ManlyDad November 21, 2008 at 9:57

Canvas, I’m guessing right now. Either way, it’s a beautiful piece of work. You can pass this down several generations. Keep your written account and photos where your great-grandchildren can find them.

John Carmichael November 21, 2008 at 11:23

My vote is for the traditional canvas. Don’t get me wrong, I love the look of fine woodwork, and to this day I think some of the old Mahogany runabouts of the 30’s and 40’s with their varnished (shellacked) expressed wood, are some of the finest works of art in the maritime world.

But alas, I like the contrast of exterior homogeneous -vs- interior complex presented in such a fine project as you have undertaken.

Either way… your art is your art!

-JC

BigFootTom November 21, 2008 at 17:04

What I’d like to see is your compiled links to your construction pictures.
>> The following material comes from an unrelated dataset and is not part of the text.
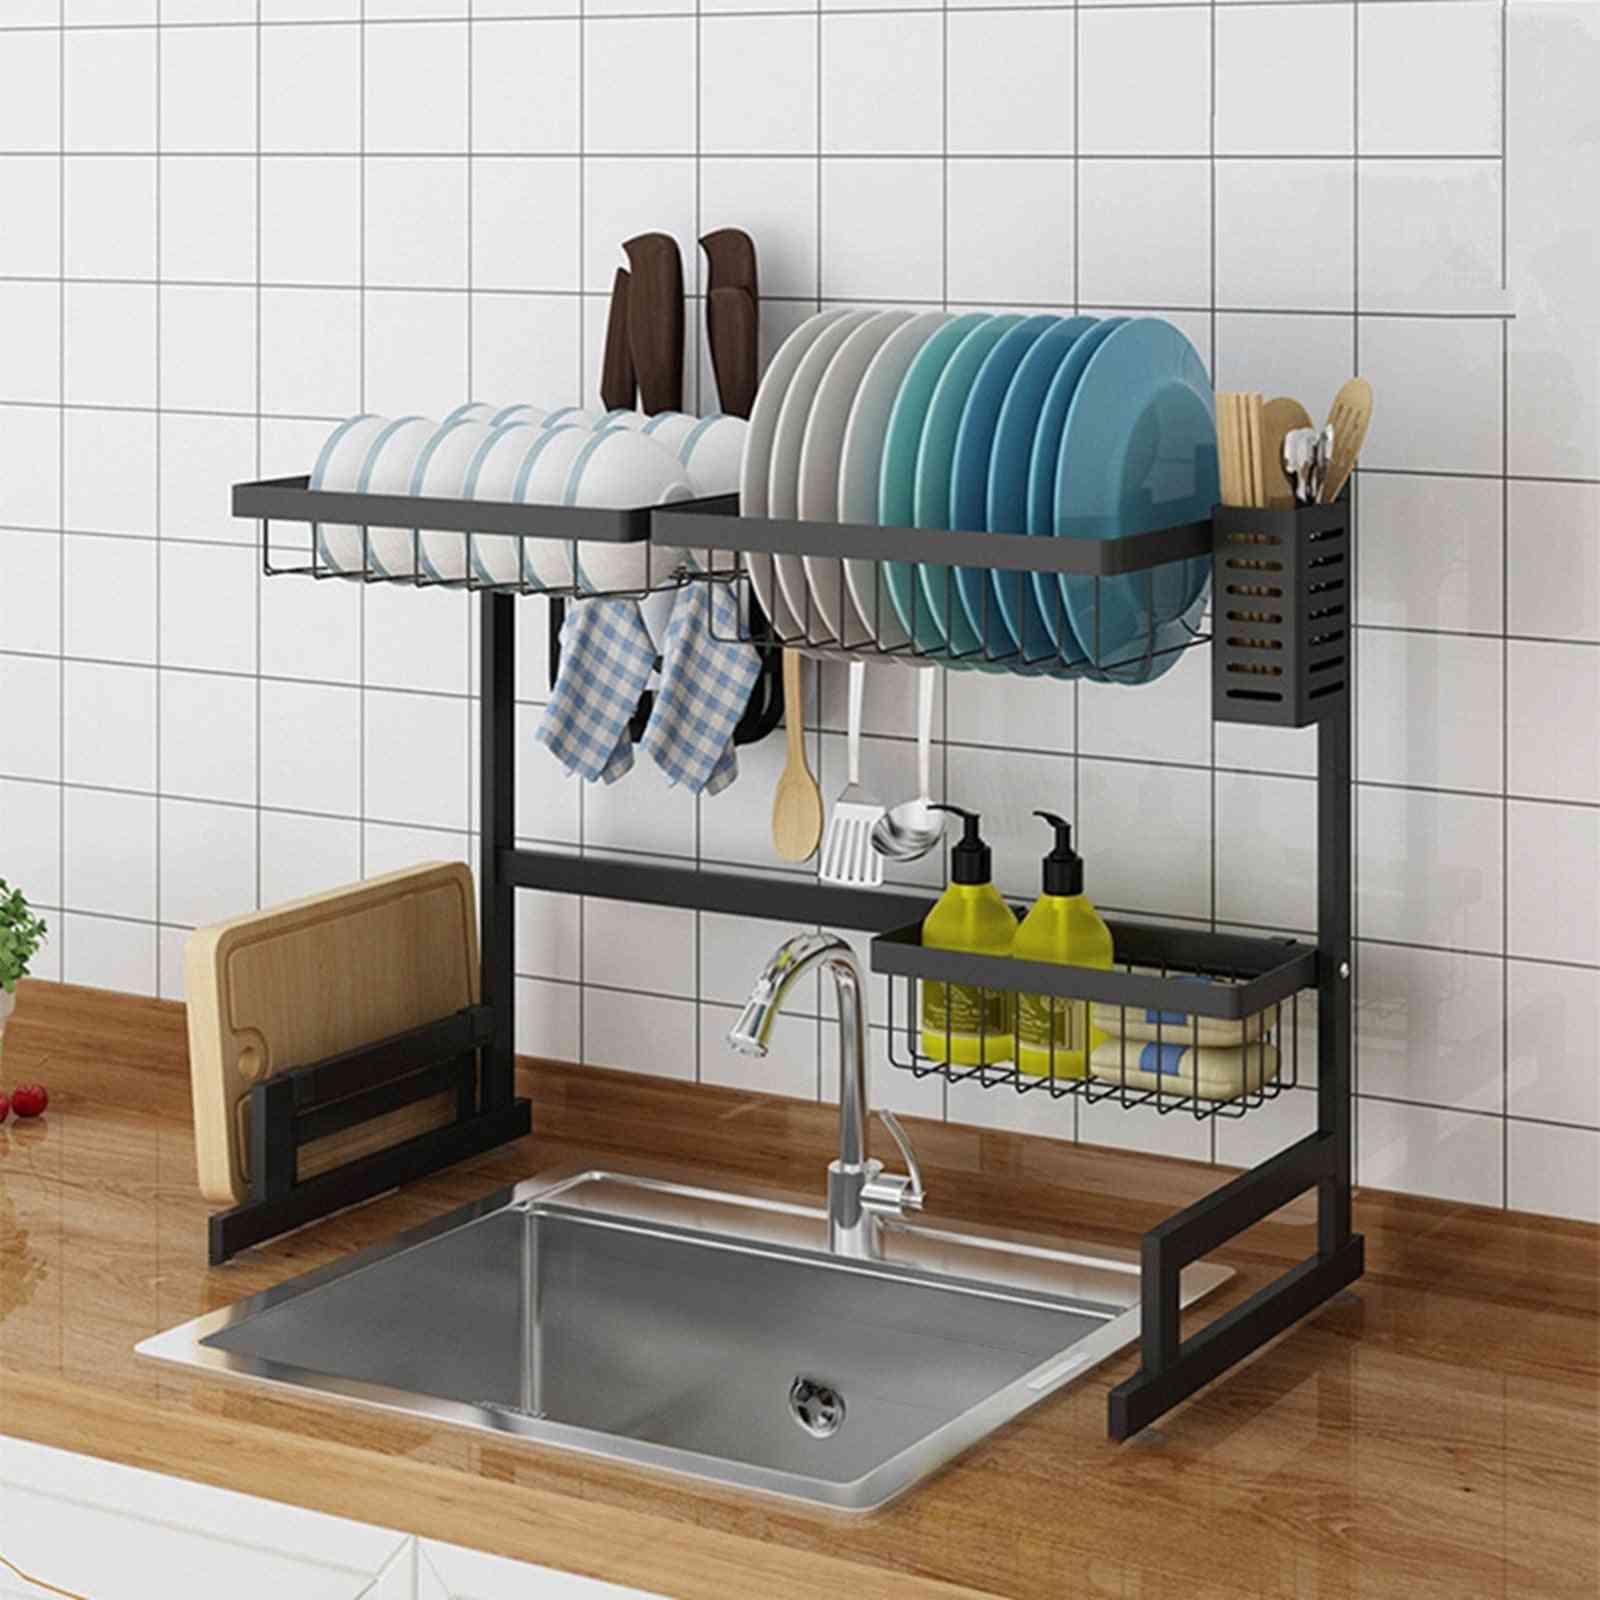 Dish Drying Rack Over Sink Display Drainer Kitchen Utensils Holder Us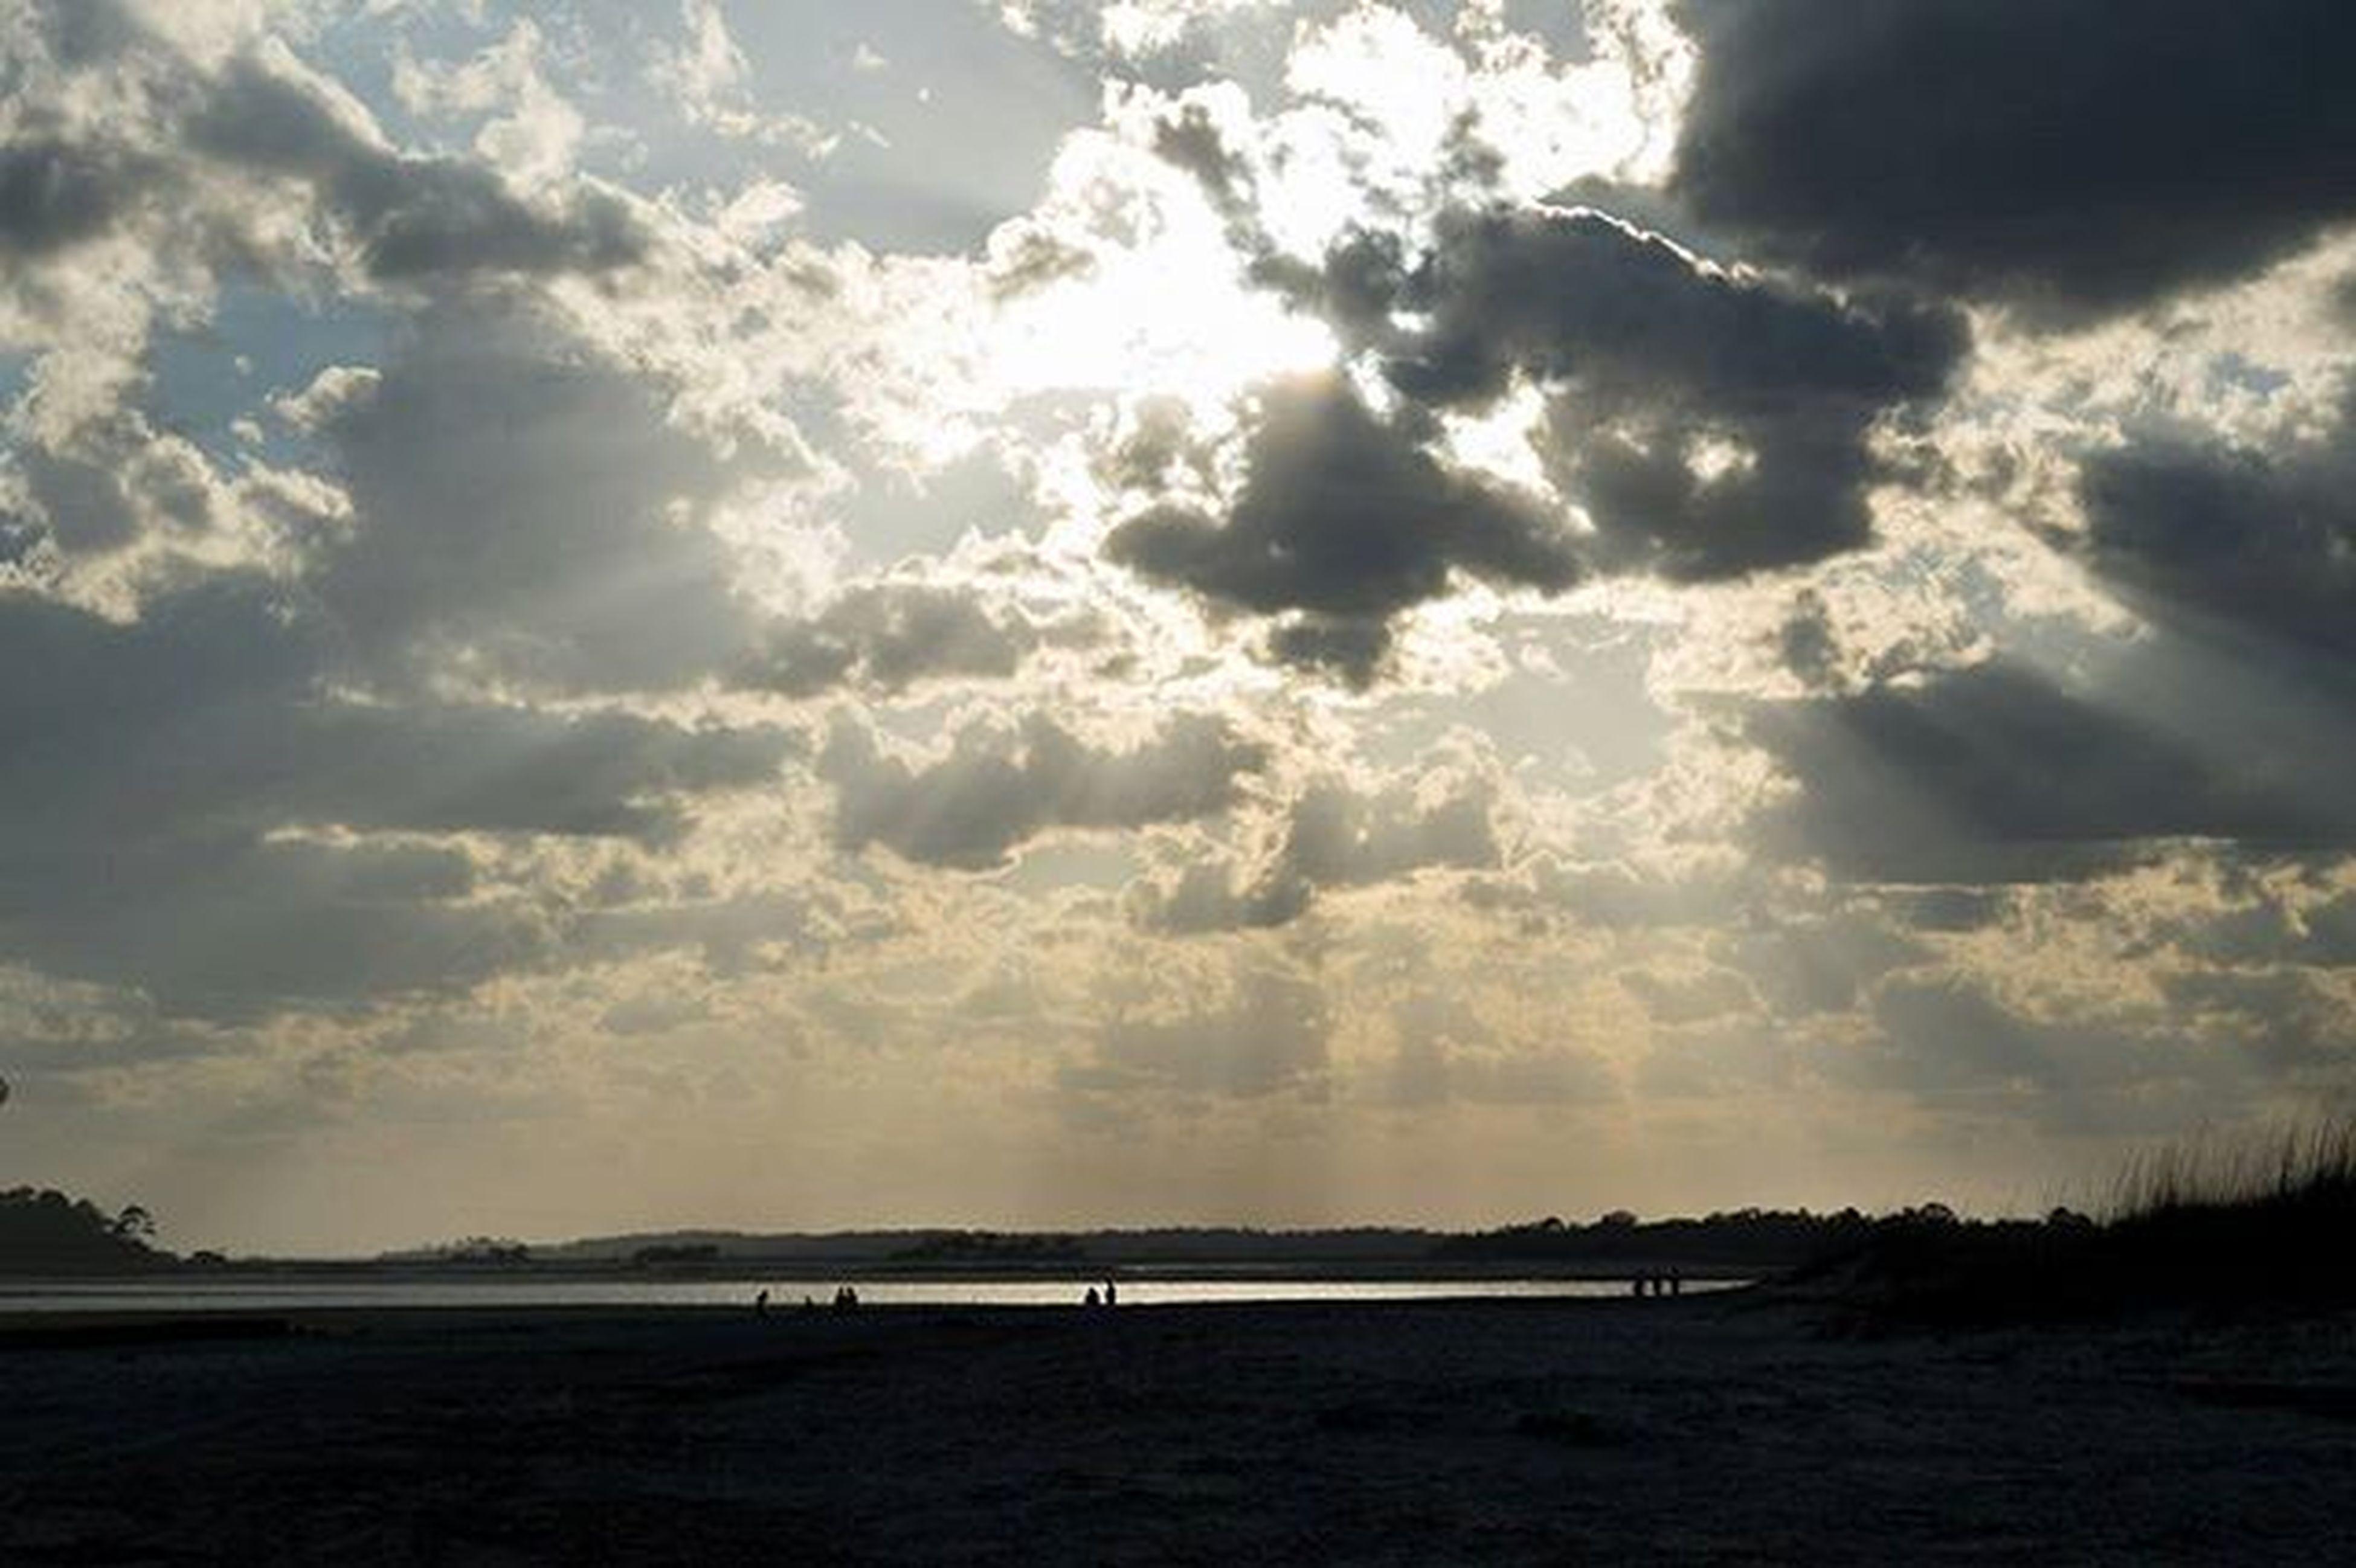 sky, tranquil scene, tranquility, scenics, beauty in nature, cloud - sky, sea, water, nature, sunset, beach, silhouette, cloudy, idyllic, cloud, horizon over water, sunlight, sun, shore, landscape

I’ve seen maybe half of them on here, grinning at each exposure to your progress. Thanks for sharing, now could we see the whole sequence?. Have you such a set of links? Maybe with even more pictures? Please, and thanks if you do so.

Steve November 21, 2008 at 23:17

Tom, there are indeed more images although not as many as I should have taken. I’ll be sure to make them available in some format for those that are interested in more detail.

Thanks to all for the kind encouragement.

SJBill November 22, 2008 at 16:50

Steve

You’d make any New England canoe builder proud. Very nice work!

Regarding the finish, that’s a prety personal call. Painted canvas is the traditional favorite, and it is renewable.

A close personal friend of mine glassed his boats over the wood and they looked great. The fabric and resin added a lot of weight to the finished product. After a cuppla seasons of trout fishing in the White Mountains, the boat didn’t look quite as “fresh” as when new.

Be advised you’ll need Wellies during the cooler fishing season. Beaching a work of art is not an option if your beaches are of stone.

FIN November 27, 2008 at 0:48

I have a fond memories of fly fishing for trout in a painted canvas canoe on Maligne Lake, Jasper National Park, Alberta CA.

She was heavy to portage, but smooth as silk in the water.

May I suggest Battleship Gray with shadowed numbering?

Cheers,

Fin
(A fellow War Hoover flyer)

Steve November 29, 2008 at 23:49

Fin, you frozen in up there yet? Think I’ll pass on the gray!